Söyleşinin ilk yarım saati bomba gibi:

  • Mustafa İslamoğlu daha söze başlar başlamaz “eşitlikten” söz ediyor. Bu bir kırmızı bayraktır. Aileyi konuşmaya eşitlikten başlıyorsanız bu, bugün ailedeki en büyük sorunun eşitliksizlik olduğuna inandırıldığınızı gösterir. Hani seksenlerde, doksanlarda seçim konuşmasına enflasyondan söz ederek başlayan politikacılar gibi, olayı hiç anlamamışsınız demektir; hastalığa tanı koymaktan fersah fersah uzaktasınız demektir.
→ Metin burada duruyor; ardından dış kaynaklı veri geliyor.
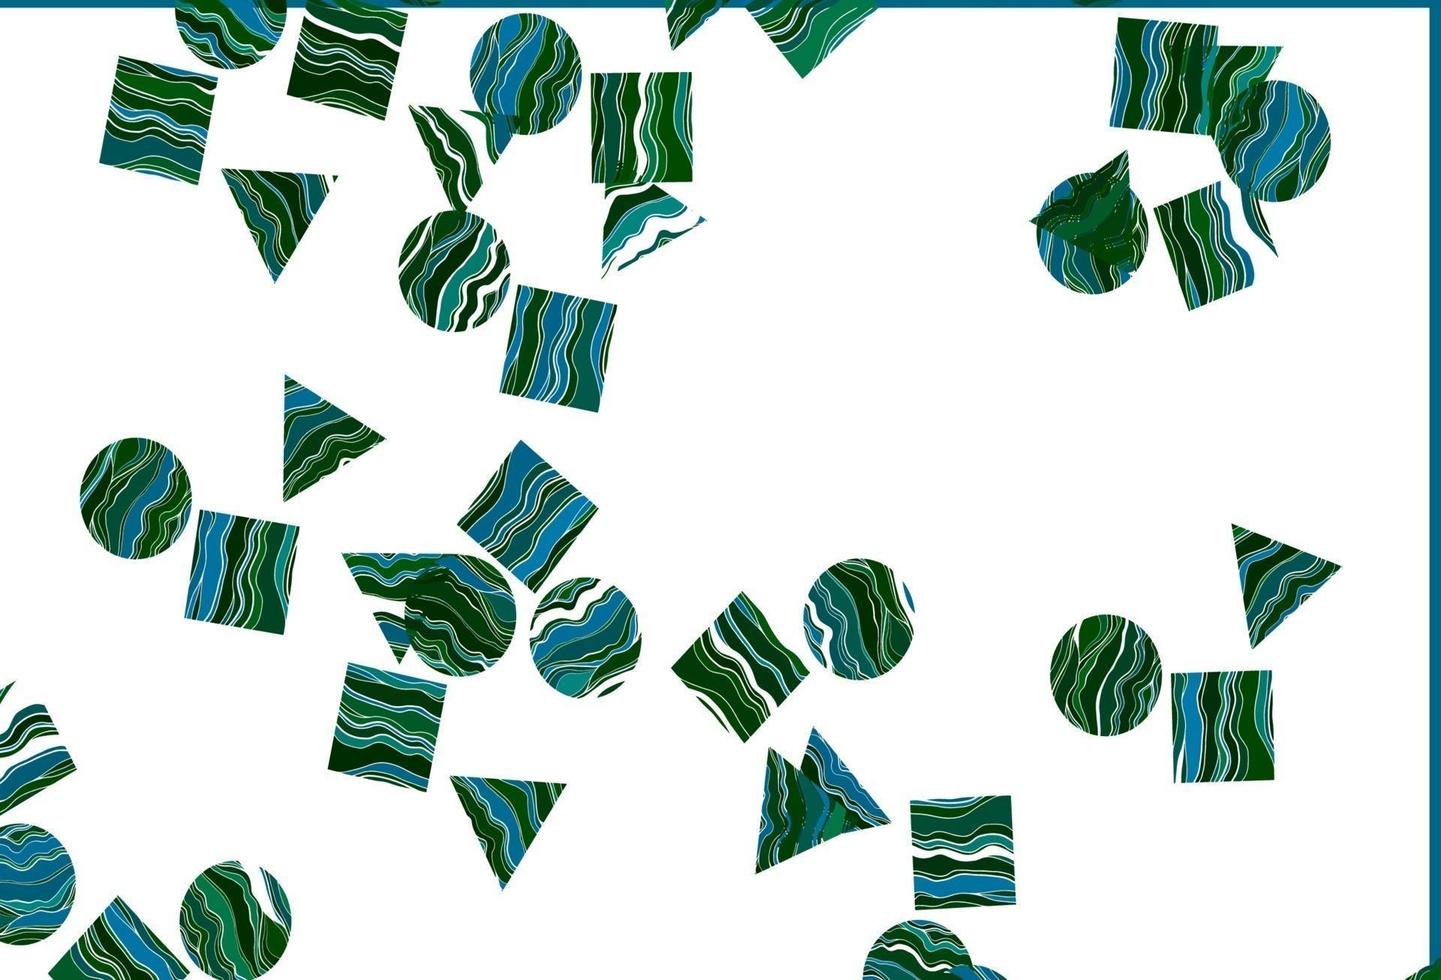 pano de fundo azul claro, verde do vetor com linhas, círculos, losango.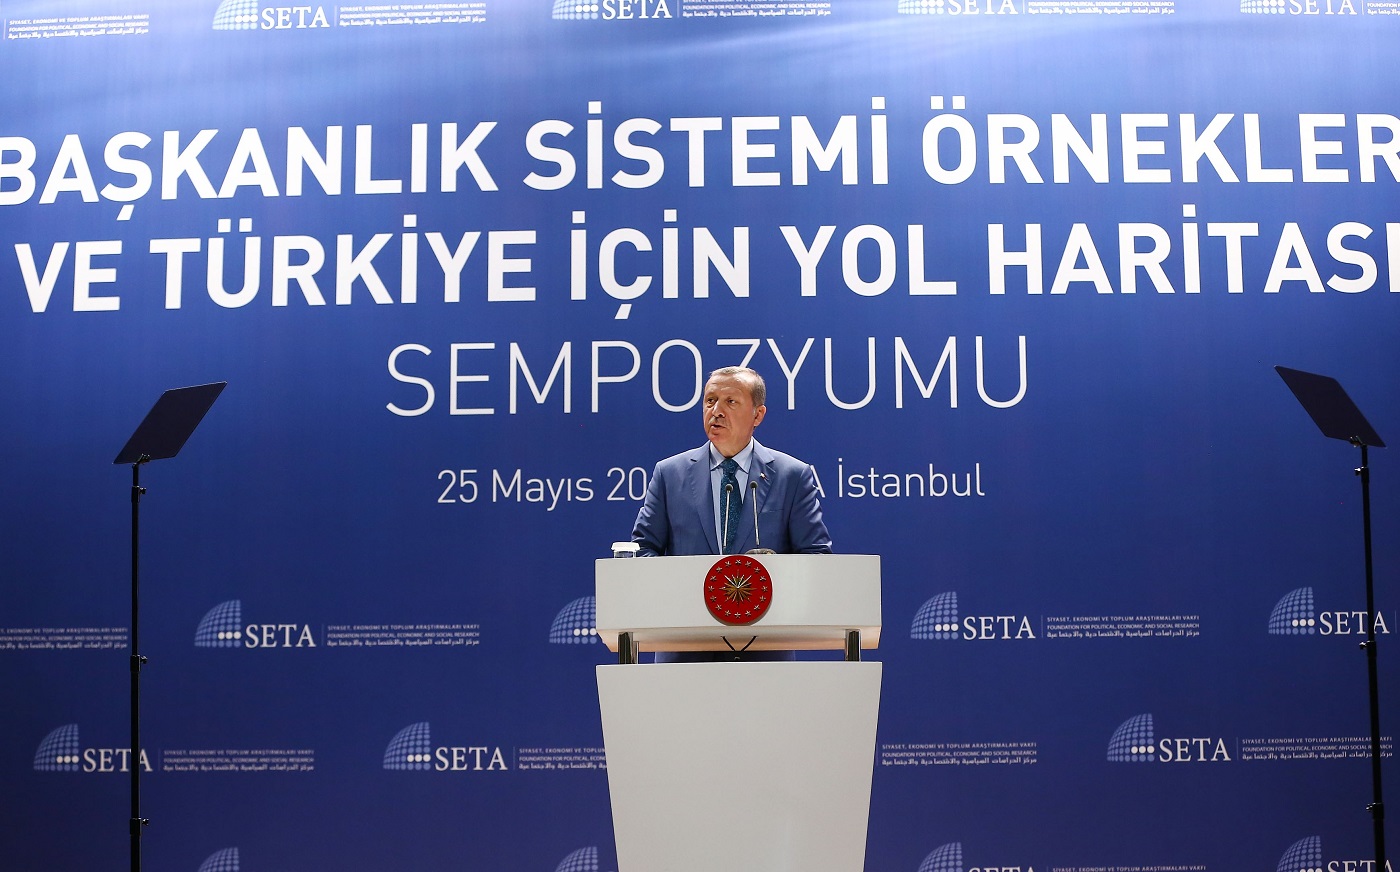 نظام الحكم الجمهوري الرئاسي  والتحول الديمقراطي في تركيا

  • Arka arkaya kurduğu cümlelerde “bagaj” sözcüğünü kullanıyor. Bu sözcük son yıllarda liberal basın-yayında tarihsel, geleneksel, kültürel birikimi anlatmak için kullanılmaya başladı. Çoğunlukla olumsuz çağrışım yaptırmak amacıyla kullanılır. Yazarlar, yanımızdaki kültürel öğelerin gereksiz olduğuna bizi inandırmaya çalışırlarken “bagaj” derler. İslamoğlu yalnızca bir giriş yapıyor ama dolaylı olarak gelenekten gelen bazı doğruları, bazı yol ve yöntemleri çöpe atmamız gerektiğini ima ediyor. İlerleyen dakikalarda bunların hangileri olduğunu söyleyecek büyük olasılıkla.
  • Birkaç saniye içinde yanıtımızı almaya başlıyoruz. Örnek olarak “kadına fitne gözüyle bakarsanız…” diye cümle kuruyor. Demek ki kurtulmamız gereken “bagaj” kadının fitne olduğu varsayımıymış. Bakın daha kimse bir şey demedi, İslamoğlu hemen bir korkuluk inşa edip onu dövmeye başladı. Aileyi konuşmaya böyle başlarsanız bu söyleşinin nereye gideceği bellidir. Bizi feminist denizlerde yüzdürecekler. İslamoğlu kendi bagajlarını görmüyor, var olmayan hayalet bagajlara saldırıyor.
  • Hemen ardından “farklılıklar zenginliğimizdir” şarkısını söylüyor. Bakın, birkaç dakika içinde liberal-feminist-eşcinselci bir hipnoz seansından çıkmış gibi kaç tane işaret verdi. Eşitlik, bagaj, farklılıklar zenginliğimiz… Müslüman kişi derdini eşkoşucuların terimleriyle anlatır mı?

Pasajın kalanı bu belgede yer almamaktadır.